Кошка, шляпа и кусок веревки (сборник)
Шрифт:
Сад оказался куда более запущенным, чем это казалось с первого взгляда: дорожки были буквально погребены под слоями опавших и сгнивших листьев, статуи опрокинуты, розы одичали, японский водный садик — предположительно, тот самый, план которого он видел среди документов в заветном ящичке, — зарос древними рододендронами. Летний деревянный домик-беседку так оплели колючие ветви шиповника, что Майклу лишь с трудом удалось пробраться внутрь, — там он обнаружил коробку с высохшими акварельными красками, кисти для рисования и альбом, на обложке которого аккуратными печатными буквами коричневого цвета красовалась подпись: «Эмили Джеральдина Ланди».
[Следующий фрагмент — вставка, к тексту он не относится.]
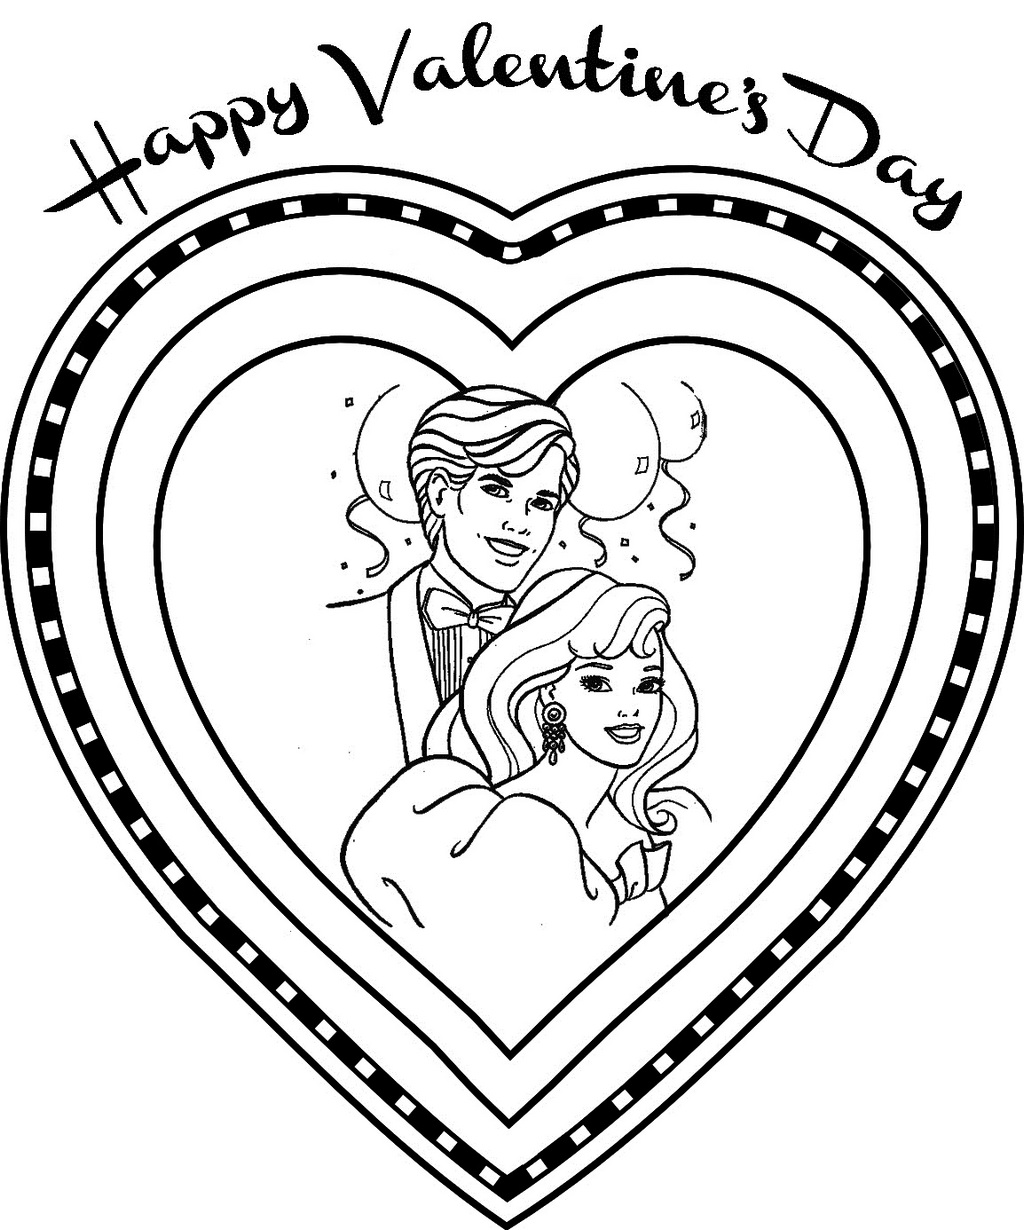 barbie valentine day coloring book for girls

Выходит, Эмили любила рисовать красками? Отчего-то Майкла это совсем не удивило. Его собственная дочь, Холли,
Как он мог так быстро их забыть? Нет, конечно же, не забыть, а… Но вместо боли утраты в душе жили теперь лишь далекие воспоминания: то, как он впервые увидел Энни, — она сидела в первом ряду маленького районного театра; или то, как дочка в раннем детстве цеплялась за его палец; или глаза Бена, такие голубые и такие доверчивые. Да, теперь эти воспоминания стали далекими, потому что их заслонили совсем другие, ему не принадлежащие, однако вдруг выступившие из мрака столь отчетливо, что это было за пределами всяческого разумения. Нед в матросском костюмчике лазает по деревьям, Эмили в своем летнем домике, сосредоточенно нахмурившись, рисует акварельными красками японский садик весной. И Фрэнсис, прелестная Фрэнсис с небрежно заплетенными косами, все еще тоненькая и гибкая, несмотря на рождение двоих детей, улыбающаяся, счастливая, сияющая, бежит по дорожке с охапкой роз…
Какой-то звук за спиной заставил его вздрогнуть.
— Фрэнсис?
Он обернулся и на мгновение увидел ее, точно Орфей Эвридику: бледное лицо, темные волосы, лицо, затуманенное тоской…
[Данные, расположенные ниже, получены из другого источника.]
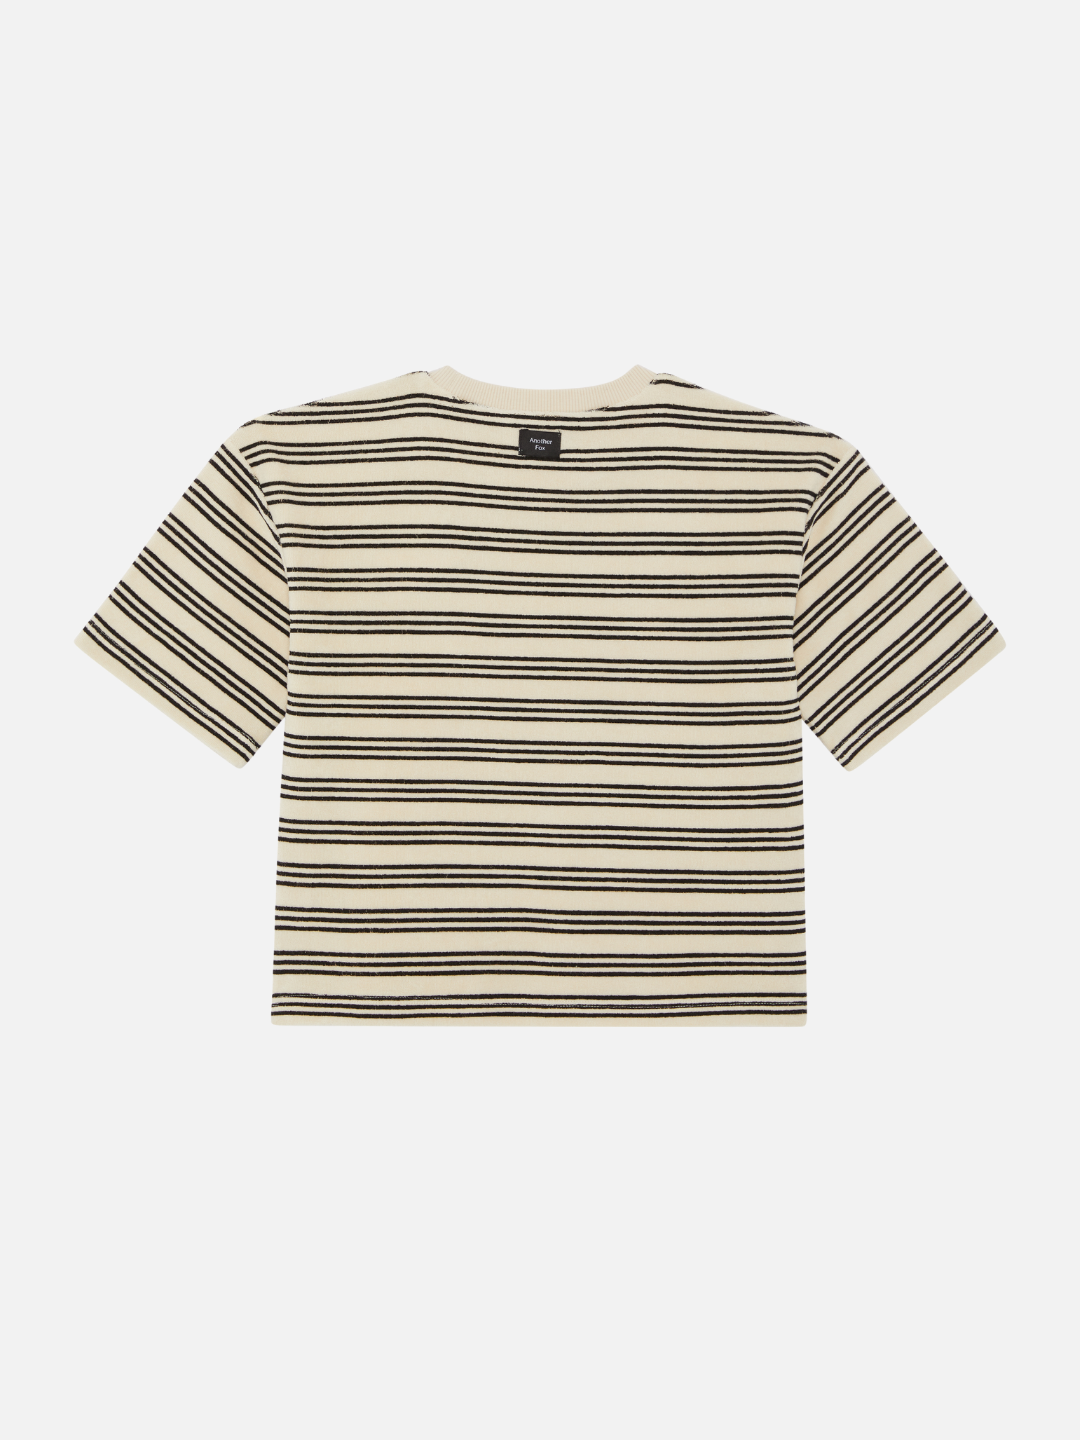 A back view of the kid's tee in stripe print

И почти сразу понял, что это Энни. Энни в джинсах и куртке. И с новой стрижкой. Ему больше нравилось, когда она носила длинные волосы — как в те времена, когда они еще только познакомились.
— Кто такая Фрэнсис? — спросила Энни.
Майкл попытался объяснить. Он говорил и чувствовал, как ей все это безразлично. Она пришла, чтобы высказать собственное мнение, и явно не собиралась уходить, пока он ее не выслушает.
Когда Энни заговорила, это очень напоминало те нравоучения, которые он уже один раз слышал от Роба. Она упрекала его в одержимости этим домом, в том, что он сильно похудел, что не отвечает на телефонные звонки. Майкл объяснил, что здесь плохая связь, но Энни, насмешливо прищурившись, вновь посоветовала ему обратиться к врачу.
Он предложил ей посмотреть дом. Она это предложение отклонила. Казалось, думала, что если войдет в дверь Особняка, сразу утратит главенство. Ей эти бесконечные «реставрационные» работы совершенно не интересны, сказала она, и еще менее интересны «исторические» исследования. Майкл спросил о детях, и она ответила, что, как только он начнет проявлять благоразумие, они могут попробовать прийти к некоему соглашению. Вскоре Энни ушла, оставив его — впервые за долгое время — с ощущением полной беспомощности и мучительного бессильного гнева, но ближе к вечеру он вновь обрел душевное равновесие. К действительности его вернули детские качели, которые он повесил на толстую ветвь старого дерева, покрытого золотистой листвой, а случайная находка — каменная скамья, исчезнувшая под грудой опавшей листвы, — дала возможность сосредоточиться на совершенно иных ценностях и задачах, так что вскоре воспоминания о бывшей жене и ее жестоких словах расплылись, превратившись во что-то смутное, весьма похожее на забвение.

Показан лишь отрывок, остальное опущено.